Okay, I’m writing a super easy post tonight, which will go live tomorrow at 8:33 a.m. In contrast to the other blogs I’ve kept, with which I have written posts and published them immediately, with The Pragmatic Historian my goal has been to write posts ahead of time and schedule them.
It was bound to happen sooner or later, but here I am on a Wednesday night after a full day of writing and editing and I don’t have the brain power left to write a proper post. It’s not for lack of ideas, mind, but the topics I have lined up to discuss are too complicated to simply dash off.
I mean, shoot, I thought talking about “The Ballad of Buster Scruggs” in my last post would be easy. Instead, it took me several hours to research and write and weighs in at close to 1,500 words long. Time for a quickie post.
In keeping with the visual theme of my blog, let’s share more resources related to timepieces.
Somewhere along my online wanderings, I recently ran across a museum dedicated to clocks and watches. I should have known there’d be a museum for clocks and watches. And then I did a Google search this evening to find it again and discovered there are at least TWO clock and watch museums in the United States.
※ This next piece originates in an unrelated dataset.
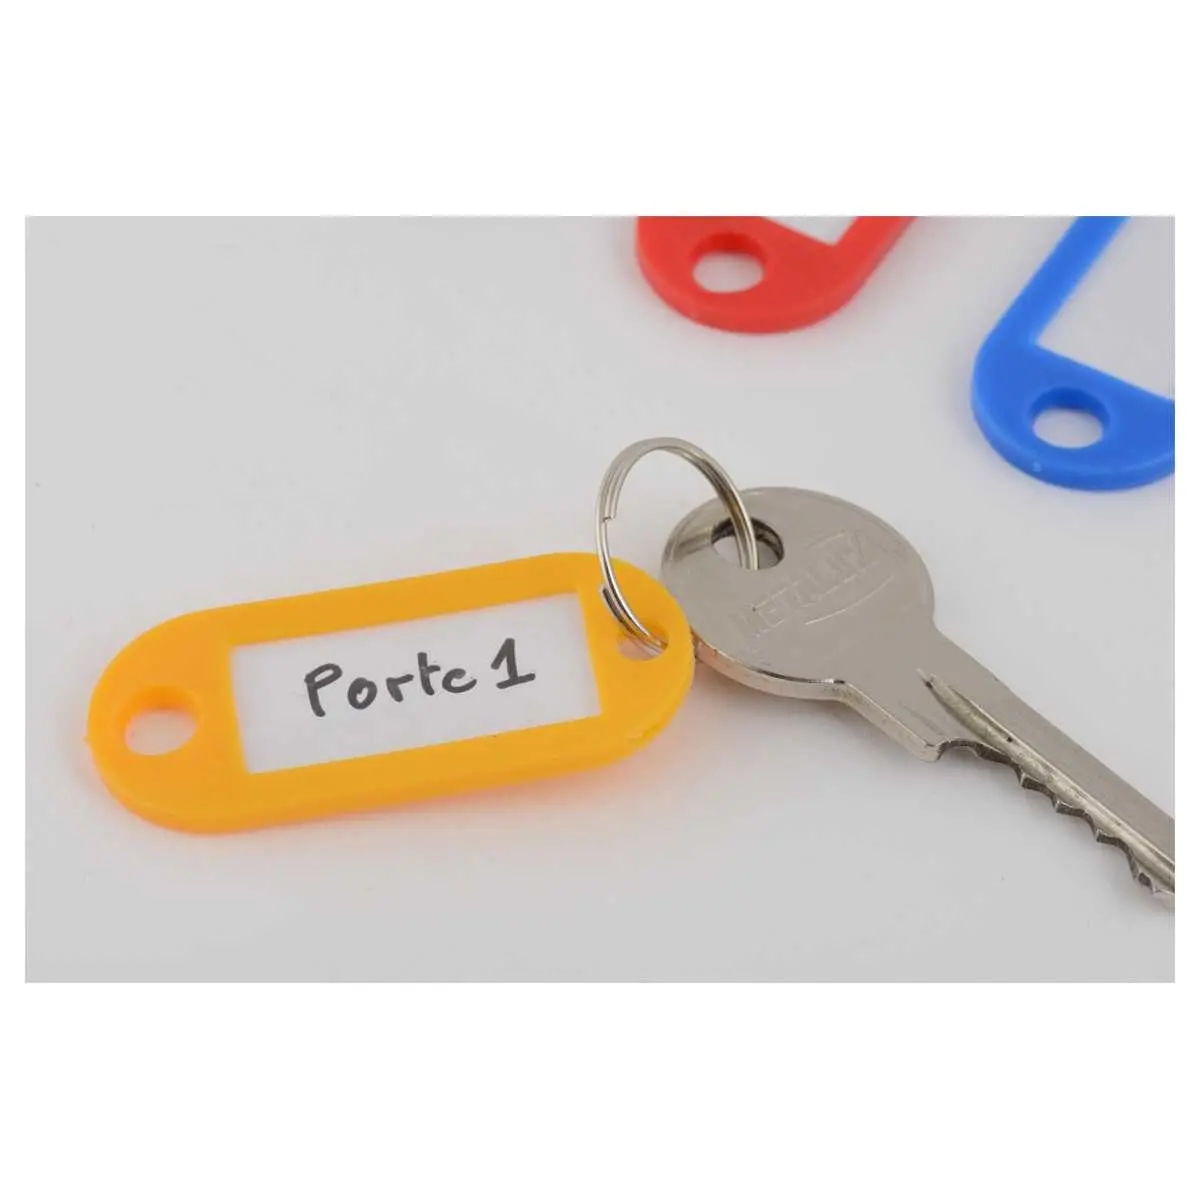 Étiquettes de porte-clés en plastique coloré assorties avec un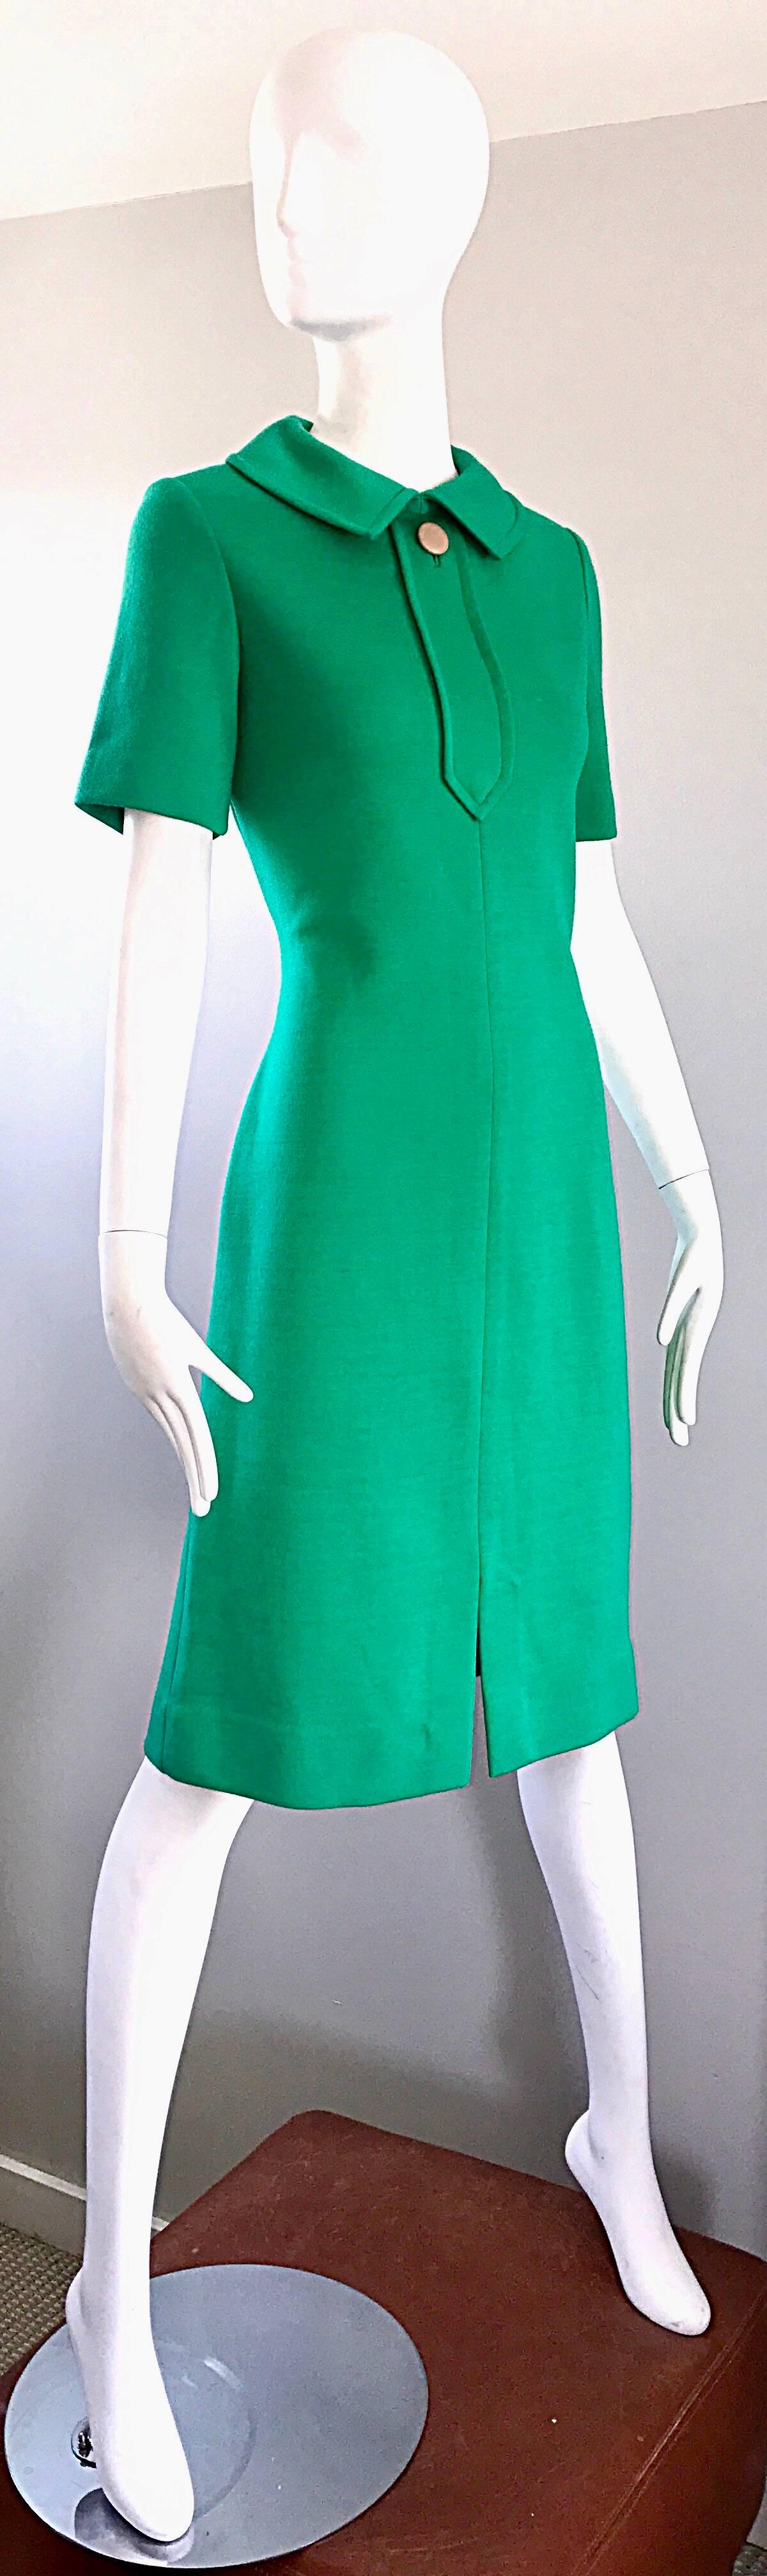 Women's 1960s Kelly Green Virgin Wool Knit 60s Vintage Mod Short Sleeve Shift Dress  For Sale

There’s the National Watch & Clock Museum in Colombia, Pennsylvania, and there’s the American Clock & Watch Museum in Bristol, Connecticut.
I also discovered a Clock & Watch Museum in Mechelen, Belgium.
Perhaps there are other clock and watch museums out there that do not have a web presence. If you know of any, please share the details in the comments.
Have you ever heard the term ‘horology’? I hadn’t until I was poking around on these websites. Horology is both the study of measuring time and the craft of creating timepieces such as clocks and watches.
And that, there, is all the brain power I have left for writing a blog post tonight.